What you should do:
Please, could you print all the lines below exactly, leaving out the pictures?

═════ Collected material

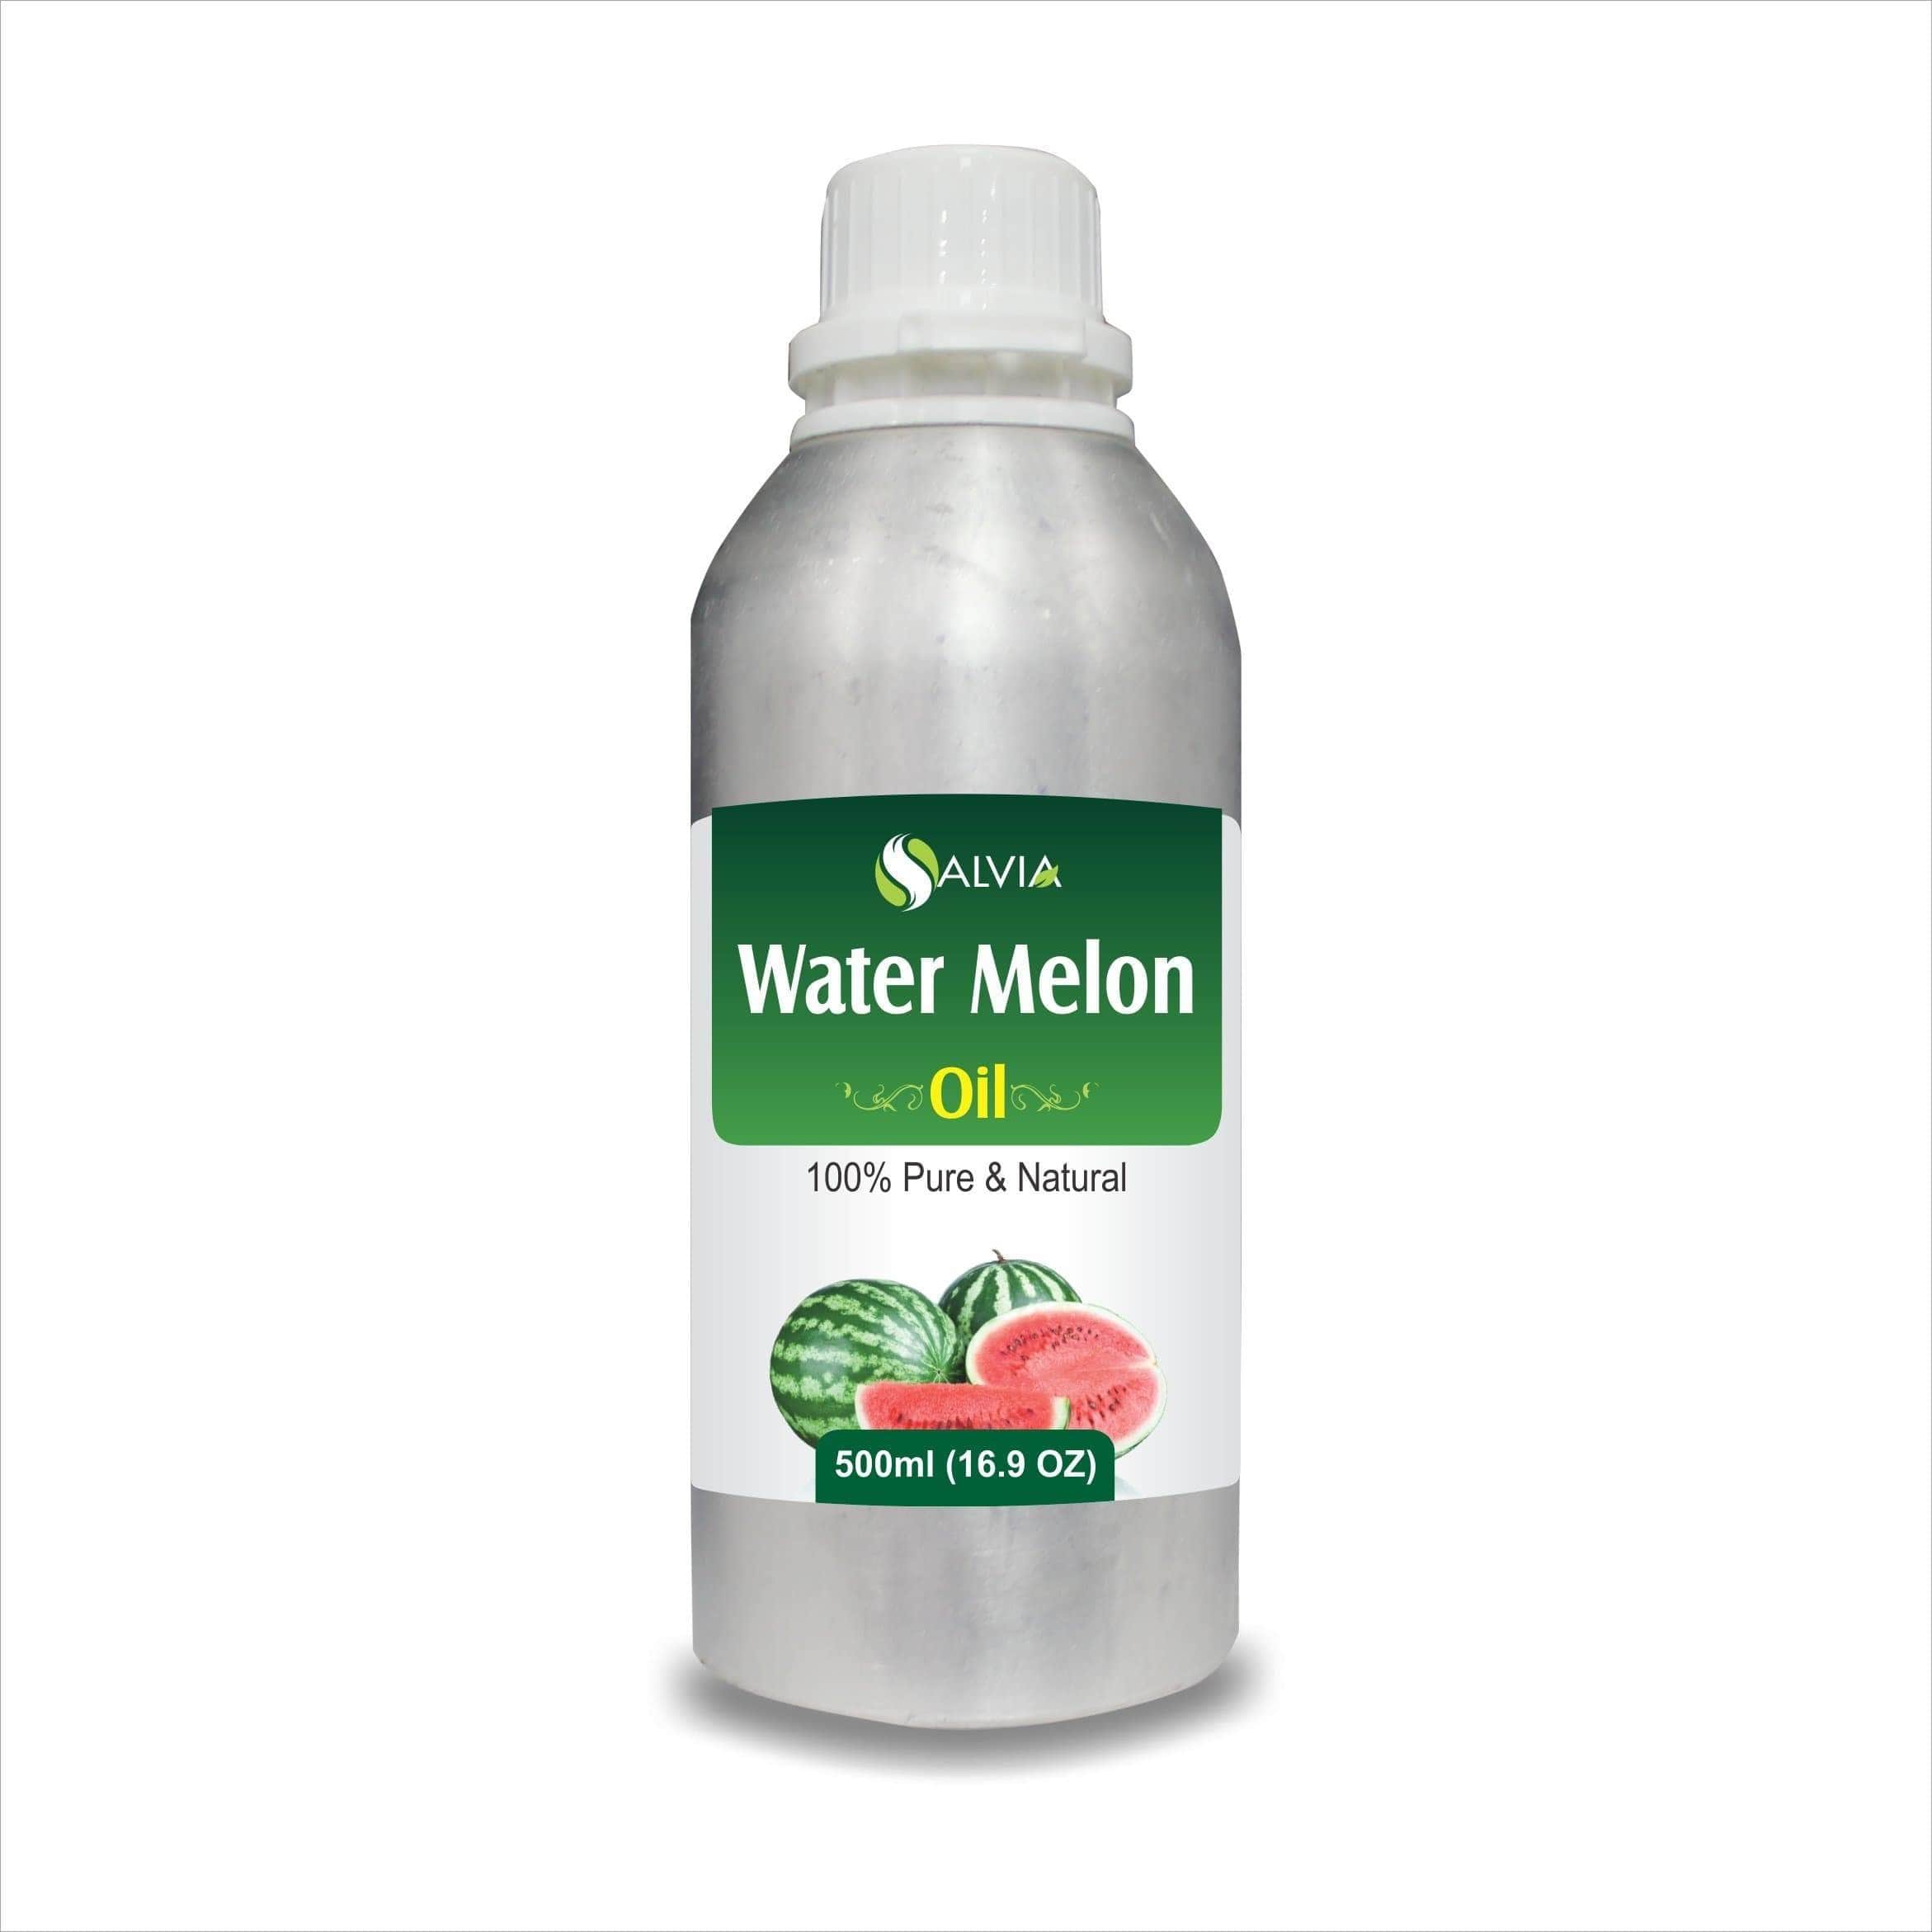 Watermelon Essential Oil – Shoprythm
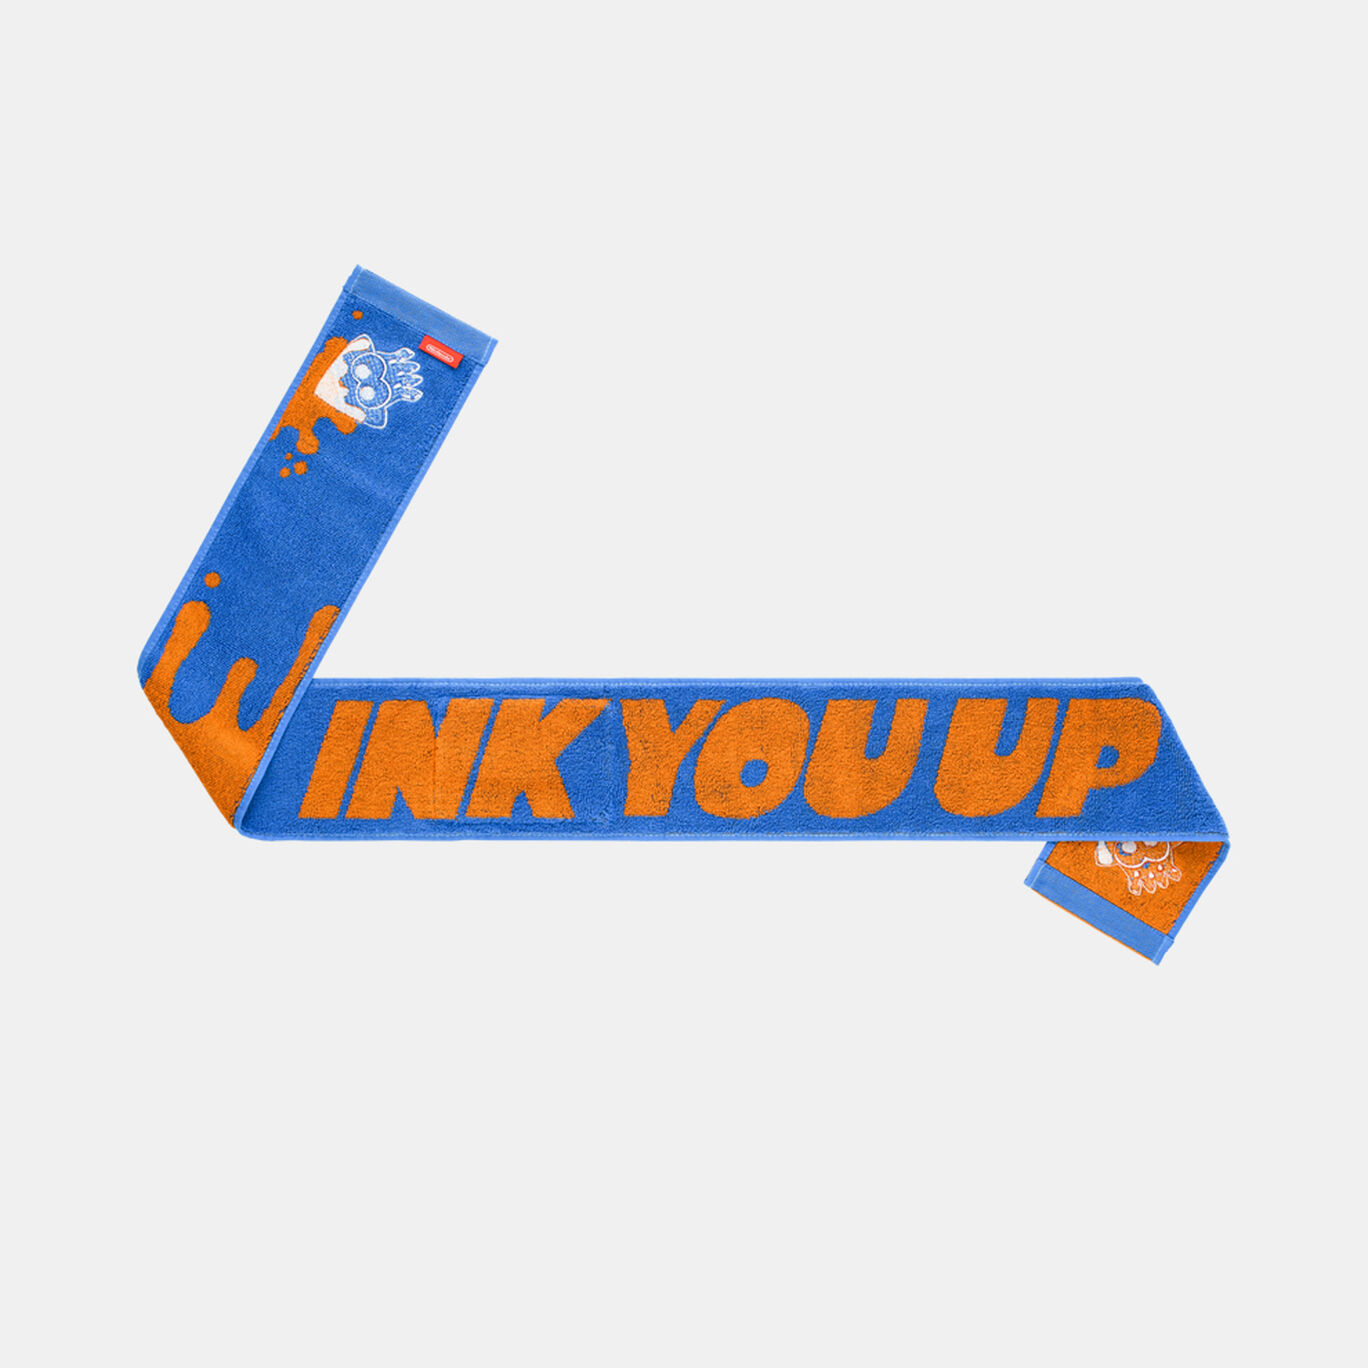 ポケット付きマフラータオル INK YOU UP【Nintendo TOKYO取り扱い商品】
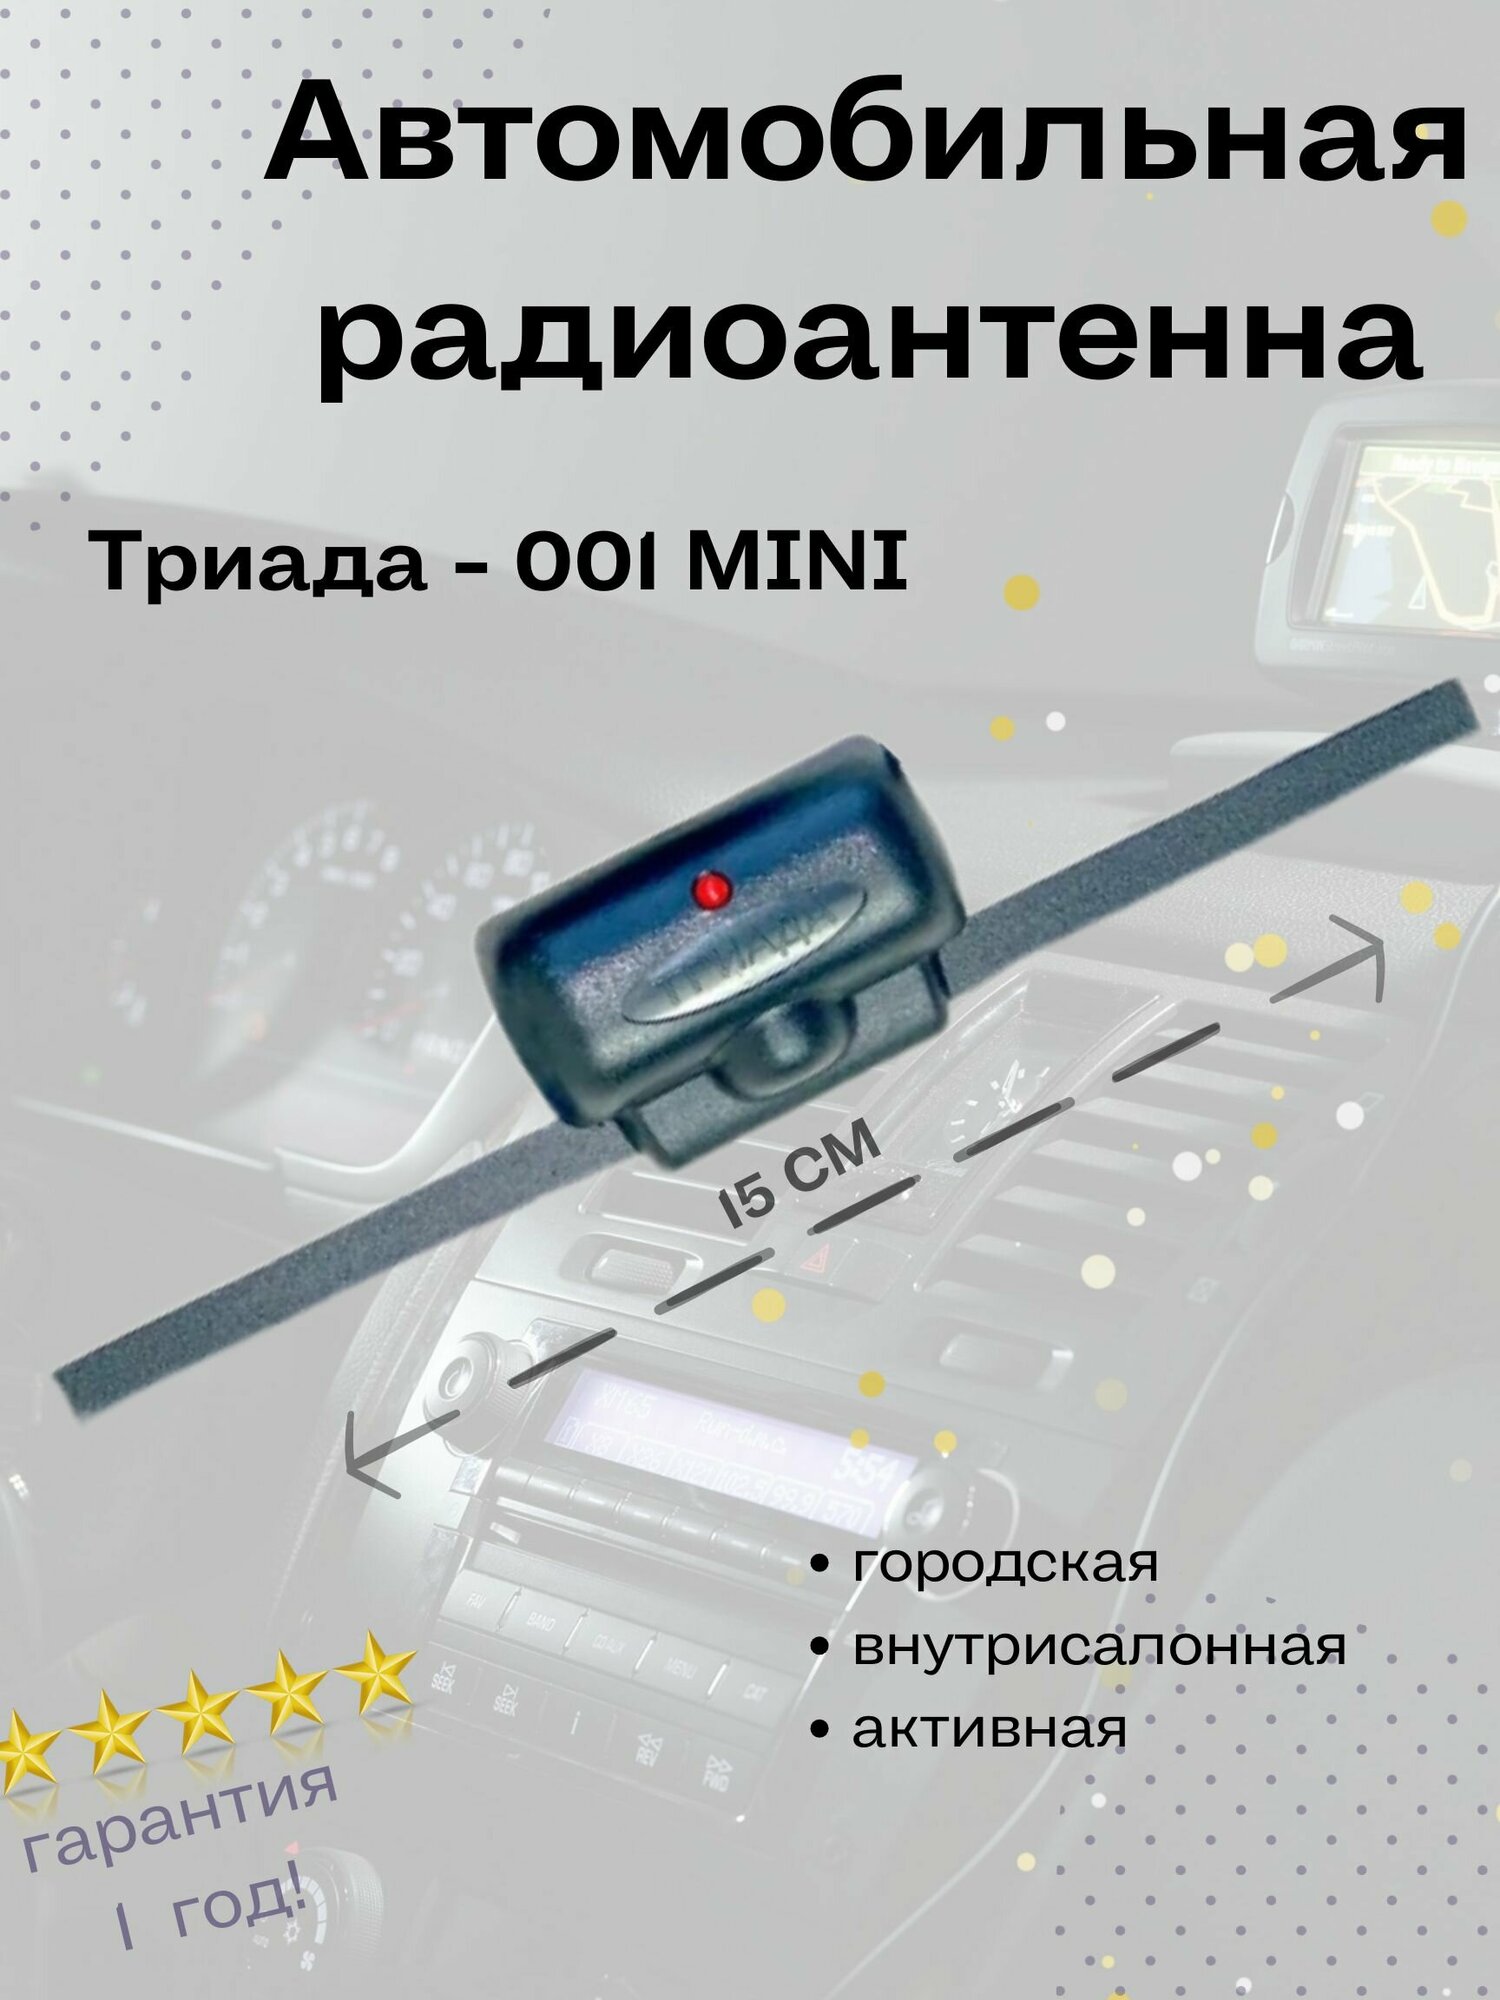 Автомобильная антенна для радио Триада 001 Mini всеволновая активная

══════════

Exercise response:
 Watermelon Essential Oil – Shoprythm
 ポケット付きマフラータオル INK YOU UP【Nintendo TOKYO取り扱い商品】
 Автомобильная антенна для радио Триада 001 Mini всеволновая активная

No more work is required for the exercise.